Vragen worden niet beantwoord, we gaan helemal oftopic enz enz.

Zit serieus te denken om mijn lidmaatschap op te zeggen.

Reageer maar.....

Groeten....

ps. Erz ijn natuurlijk wel mensen die serieus reageren oop de vragen, ik wil niet iedereen over een kam scheren, laat dat duidelijk zijn.

----------


## speakerfreak

ja wat wil je nou horen, ja veel denken erover over dat er teveel gelult word en niet serieus genoeg, maar ja dat is al vake aan de orde geweest.





> citaat: Zit serieus te denken om mijn lidmaatschap op te zeggen.



hmm, boeit ons dat?

als jij dat wilt doe je dat toch gewoon lekker....

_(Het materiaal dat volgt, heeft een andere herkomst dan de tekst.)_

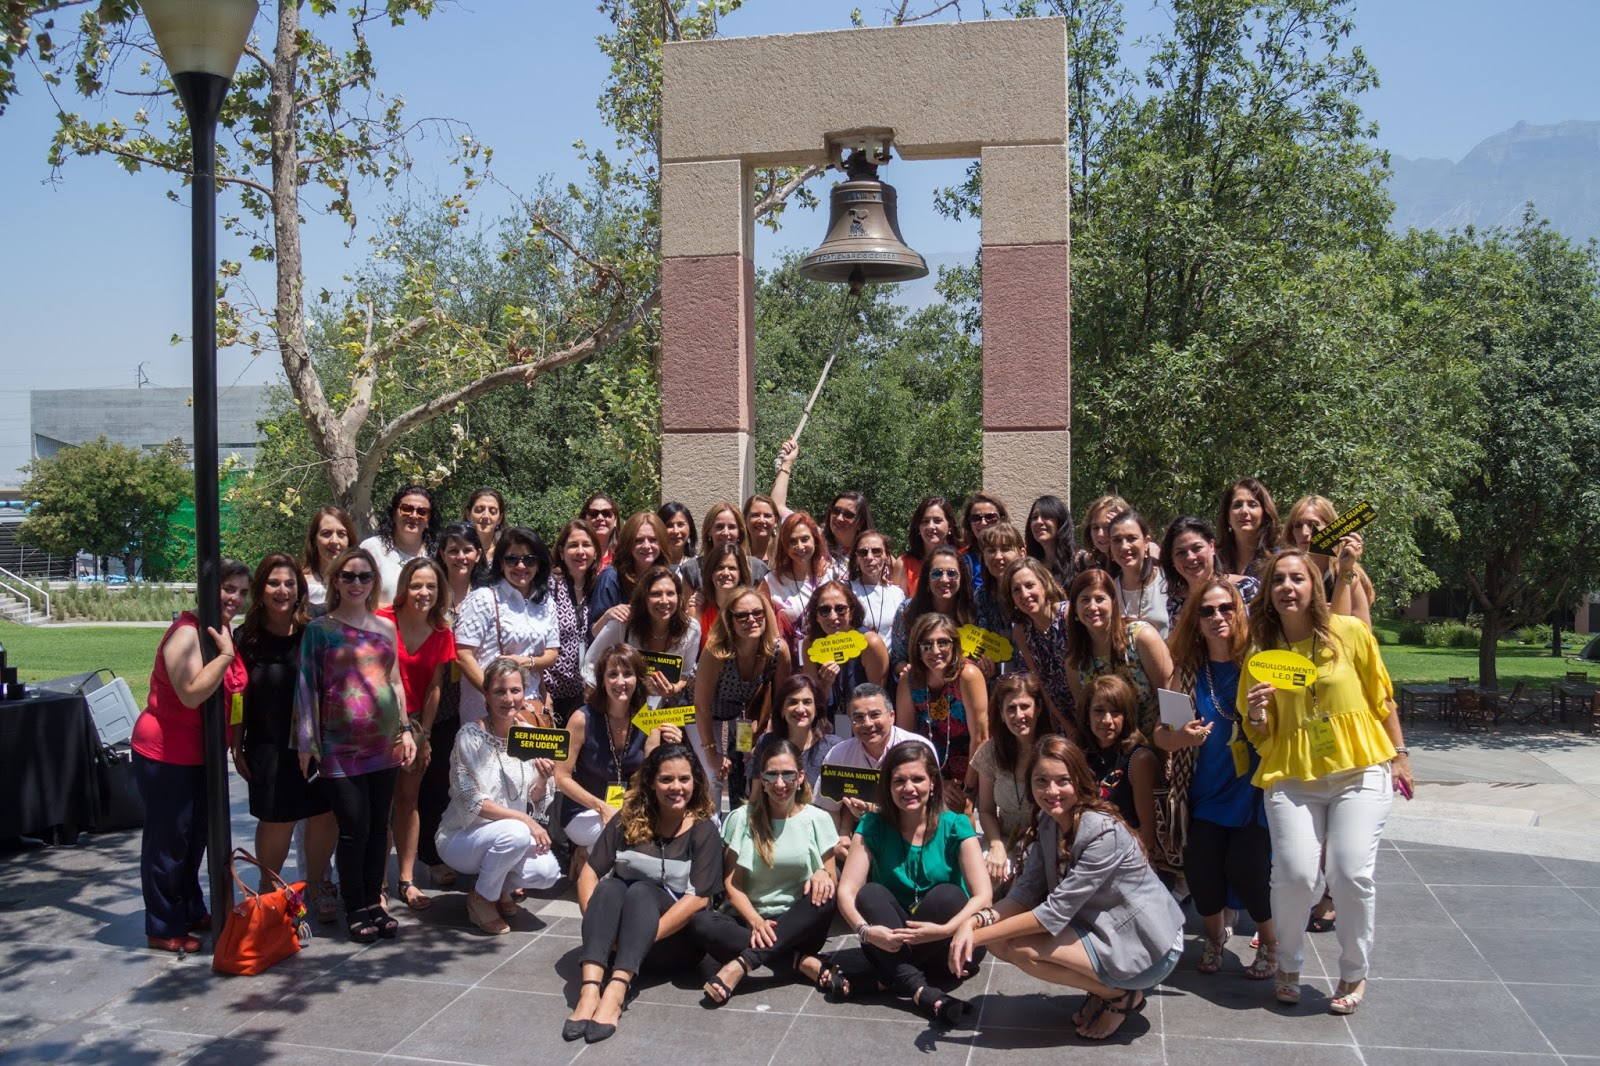 Crean nuevos recuerdos en Mi Alma Mater 2017

Frank, of the drive in show: The Xtreme Xperience.....

----------


## moderator

Ja dat "boeit" ons wel!!!

Jouw indruk is opgebouwd uit een verzameling van ervaringen mag ik hopen.
Die zijn dus niet positief. Dat kan...

kan alleen mar toevoegeb dat we proberen de onzin reacties te verwijderen, dat sommige vragen ook niet te beatwoorden zijn (wtf is novanex????) en als jij je dar niet prettig bij voelt dan zal niets of niemand je tegenhouden om niet meer actief deel te nemen an het forum.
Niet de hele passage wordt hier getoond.